We can run ChIPQCsample() on all our samples of interest using an lapply. First we make vectors of BAM files and peak files where the indeces of BAMs and corresponding peaks line up.
If you want to try on your own, the BAM files are available on dropbox, but be aware that they are big files.
bamsToQC <- c("~/Downloads/SOX9CNR_D0_rep1_sorted.bam", "~/Downloads/SOX9CNR_D0_rep2_sorted.bam",
"~/Downloads/SOX9CNR_W6_rep1_sorted.bam", "~/Downloads/SOX9CNR_W6_rep2_sorted.bam")
peaksToQC <- c("data/peaks/SOX9CNR_D0_rep1_macs_peaks.narrowPeak", "data/peaks/SOX9CNR_D0_rep2_macs_peaks.narrowPeak",
"data/peaks/SOX9CNR_W6_rep1_macs_peaks.narrowPeak", "data/peaks/SOX9CNR_W6_rep2_macs_peaks.narrowPeak")
Then we can run the ChIPQCsample
function using
lapply while cycling through the paths to BAM and peak files.
Here we limit the analyis to chromosome 18.
All ChIPQC functions can work with a named list of ChIPQCsample objects to aggregate scores into table as well as plots.
Here we use the QCmetrics() function to give an overview of quality metrics.
## Reads Map% Filt% Dup% ReadL FragL RelCC SSD RiP% RiBL%
## SOX9CNR_D0_rep1_sorted.bam 3858873 100 7.49 0 36 79 2.000 3.23 5.59 2.70
## SOX9CNR_D0_rep2_sorted.bam 2310101 100 9.05 0 34 81 3.290 3.50 1.22 2.72
## SOX9CNR_W6_rep1_sorted.bam 835558 100 5.05 0 36 73 0.975 2.66 32.80 1.91
## SOX9CNR_W6_rep2_sorted.bam 1600013 100 5.49 0 35 71 0.348 5.60 25.90 1.97
As we discussed while calling peaks, CUT&RUN will often show the presence of common artifacts, such as ultra-high signal regions.

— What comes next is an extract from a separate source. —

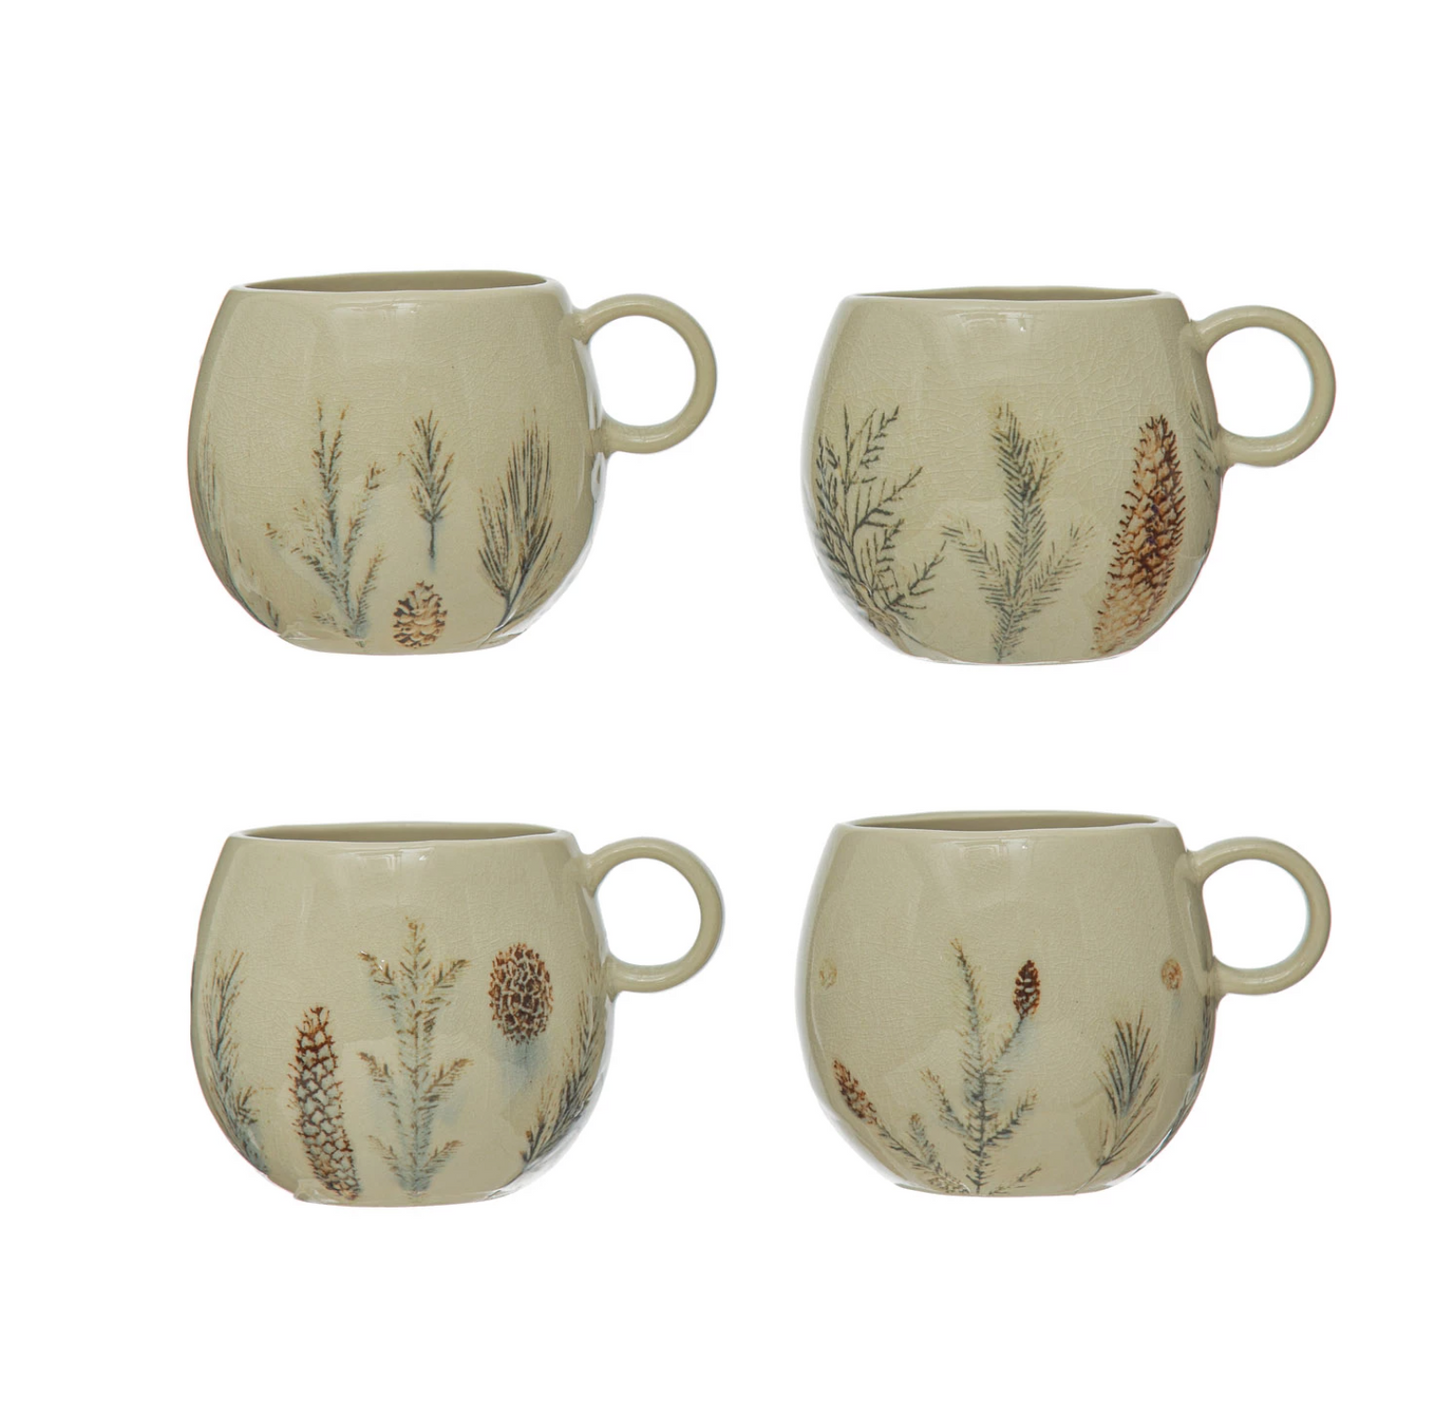 Evergreen Stoneware Mug and Saucer Set

Such regions can confound peak calling, fragment length estimation and QC metrics. Anshul Kundaje created the DAC blacklist as a reference to help deal with these regions.

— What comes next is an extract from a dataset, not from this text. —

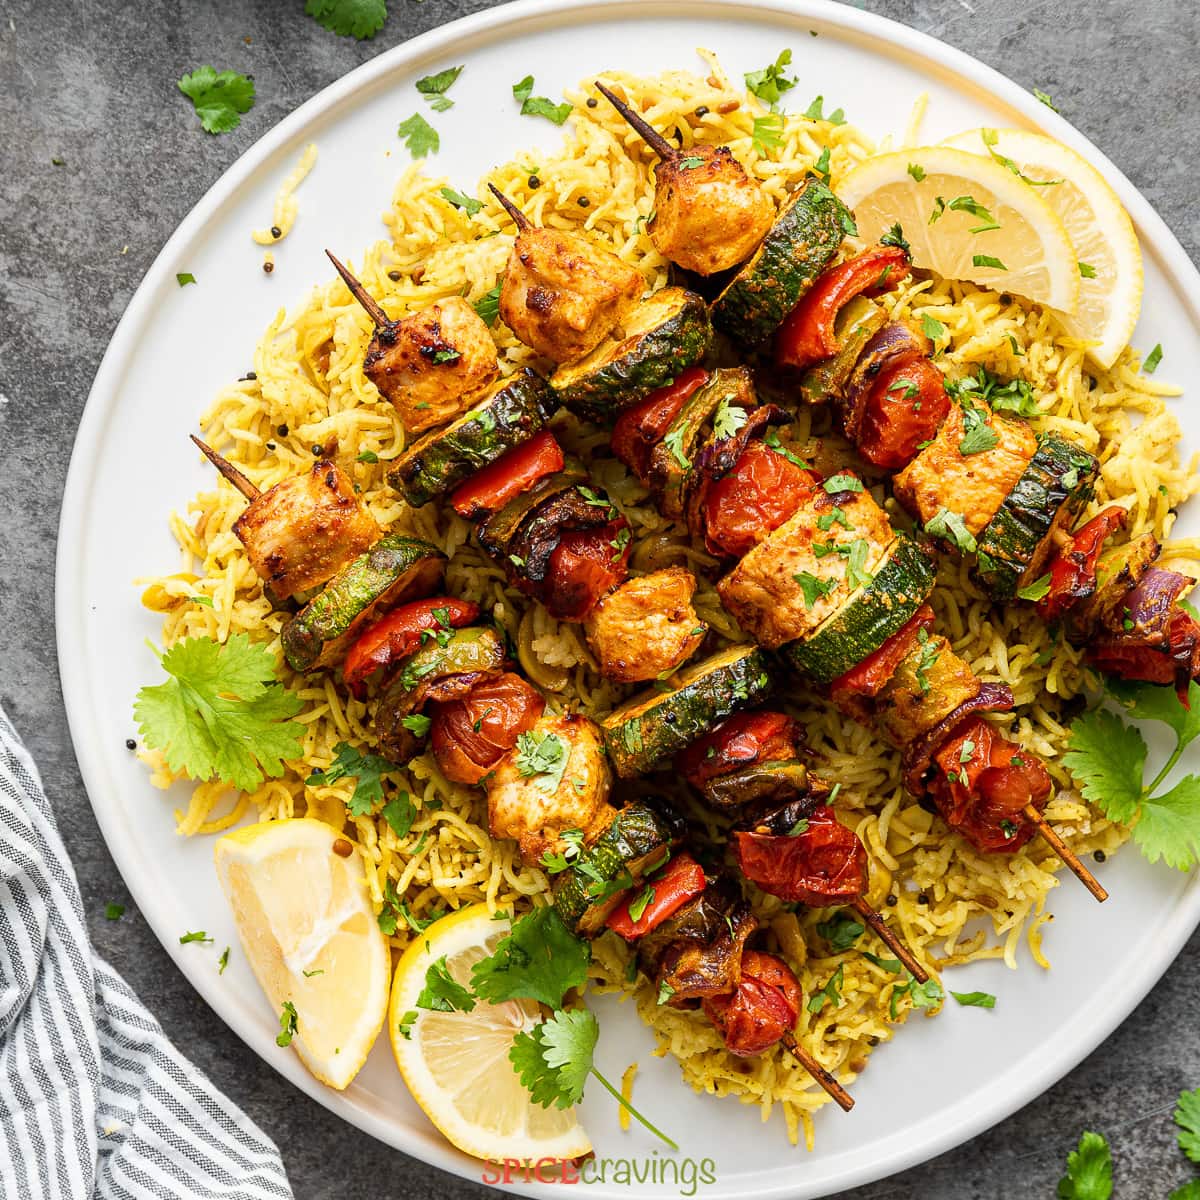 Chicken Shish Kebab with Lemon Rice - Spice Cravings

SSD is one of these measures that is sensitive to blacklisted artifacts. SSD is a measure of standard deviation of signal across the genome with higher scores reflecting significant pile-up of reads. SSD can therefore be used to assess both the extent of ultra high signals and the signal. But first blacklisted regions must be removed.
ChIPQC calculates SSD before and after removing signal coming from Blacklisted regions.
The plotSSD() function plots samples’s pre-blacklisting score in red and post-blacklisting score in blue.
Blacklisting does not have a huge impact on SSD in our samples, suggesting a strong peak signal.
This is not always the case. Sometimes you will much higher pre-blacklist SSD than post-blacklist SSD. This would indicate a strong background signal in blacklisted regions for that sample.
Below is an example of this from another dataset:
A potential source of noise in CUT&RUN is overamplification of the CUT&RUN library during a PCR step. This can lead to large number of duplicate reads which may confound peak calling.
We should compare our duplication rate across samples to identify any sample experiencing overamplification and so potential of a lower complexity.
The flagtagcounts() function reports can report the number of duplicates and total mapped reads and so from there we can calculate our duplication rate.
## SOX9CNR_D0_rep1_sorted.bam SOX9CNR_D0_rep2_sorted.bam SOX9CNR_W6_rep1_sorted.bam
## 0.18044154 0.25100764 0.22392940
## SOX9CNR_W6_rep2_sorted.bam
## 0.05412144
We can also use ChIPQC to review where our distribution of reads across gene features using the plotRegi() function.
Here we expect CUT&RUN signal to be stronger in 5’UTRs and promoters when compared to input samples.